Providing behind-the-scenes access to one of the world’s most restricted championships has done wonders for F1’s booming popularity and expanded demographic, so the docuseries made by Box to Box Films has stuck to its guns for season six, half of which we have had early access to.
Once again all 10 episodes are each built around one of the main narrative strands from the 2023 season. With Max Verstappen’s Red Bull winning all but one race, the makers have had to seek their thrills elsewhere and lean heavier on the off-track drama.
And maybe that’s just as well, because Drive to Survive remains somewhat jarring when it comes to on-track storytelling. It lapses into an old vice of overlaying out of context soundbites and pit wall reactions onto action footage, which had seemed less prevalent in season five.
Making it sound like race engineers get into their driver’s ear on the frantic run down to Turn 1 at the start is a little nonsensical, but it is where die-hard F1 fans just need to take a deep breath and remember who this show is aimed at first and foremost.
Instead, where DTS really shines for seasoned motorsports devotees – which you presumably are if you are reading this – is showing us fresh fly-on-the-wall footage, and season six is no different.
Ousted Haas team boss Guenther Steiner remains a star of the show in DTS season six
Photo by: Netflix
The third episode revolving around McLaren particularly stands out with some delicious snark, with Red Bull’s Christian Horner eager to twist the knife as Zak Brown’s team misfires, adding insult to injury by openly courting Lando Norris.

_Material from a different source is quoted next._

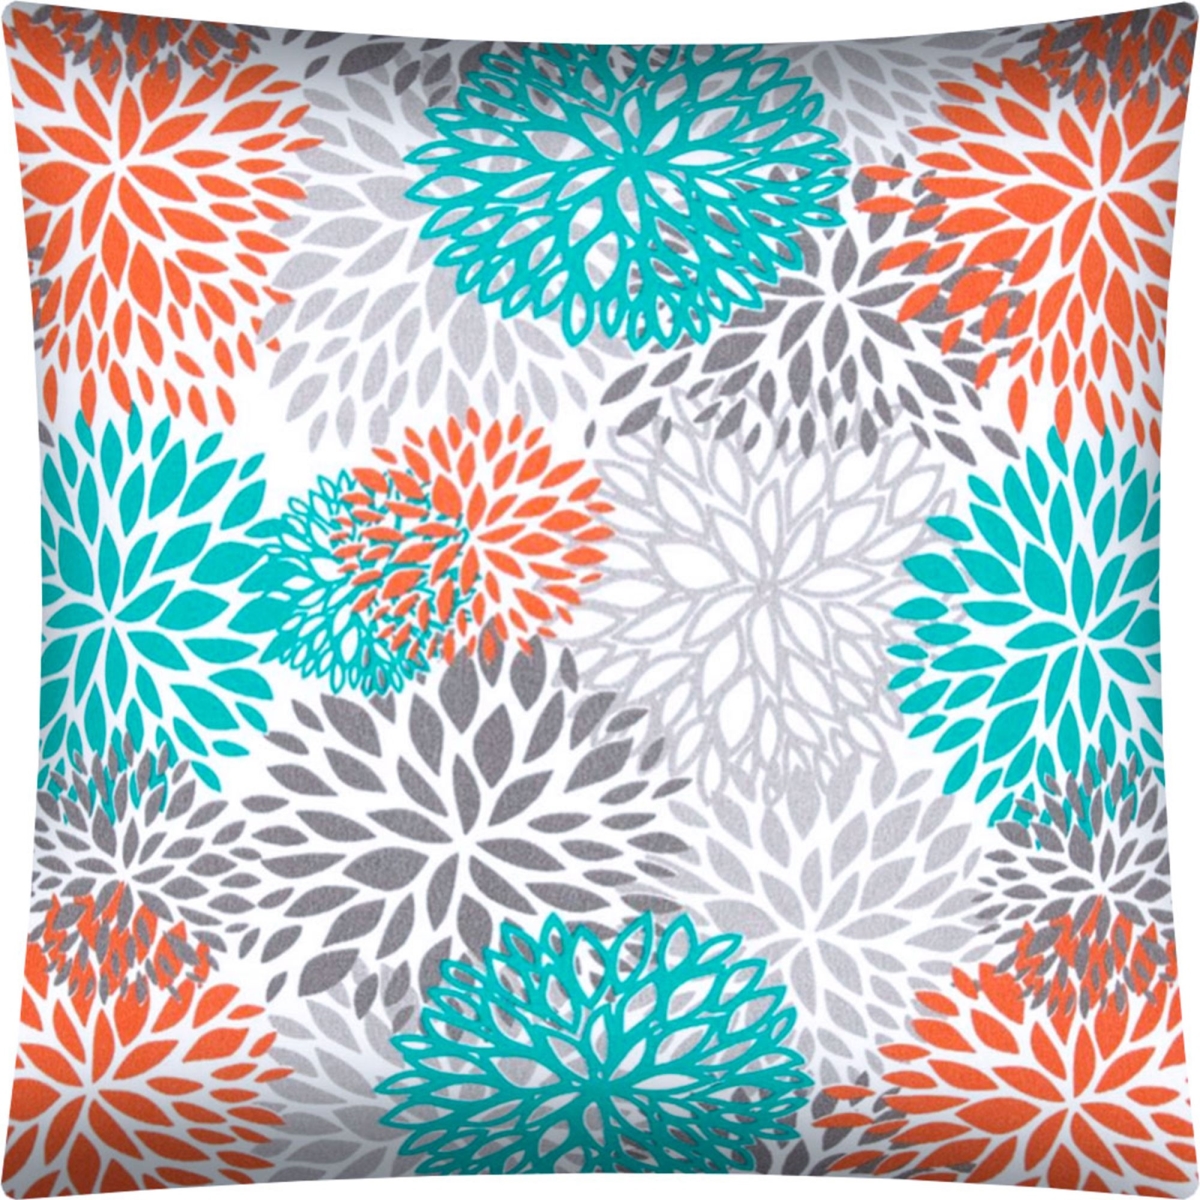 Picture of HomeRoots 472289 17 x 17 in. Orange Teal & White Zippered Polyester Floral Throw Pillow Cover

We get a neat little nugget when McLaren’s blue-chip sponsors worriedly ask Brown what is going on, followed by a well-crafted segment of the team’s mid-season resurgence as Norris takes second at home at Silverstone. While Brown does all the heavy lifting on camera there’s curiously barely a mention of Andrea Stella, the team boss who turned the ship around, but perhaps both like it better that way.
DTS has never shied away from fan service and it continues that trend in season six. Unlikely Netflix star Guenther Steiner is back to his charismatic self as Haas’ struggles are well documented. Watching young, female F1 fans fawn over meeting the foul-mouthed Italian at his book signing feels both surreal and meta. Drive to Survive has gone full circle, basking in the man’s popularity it single-handedly created.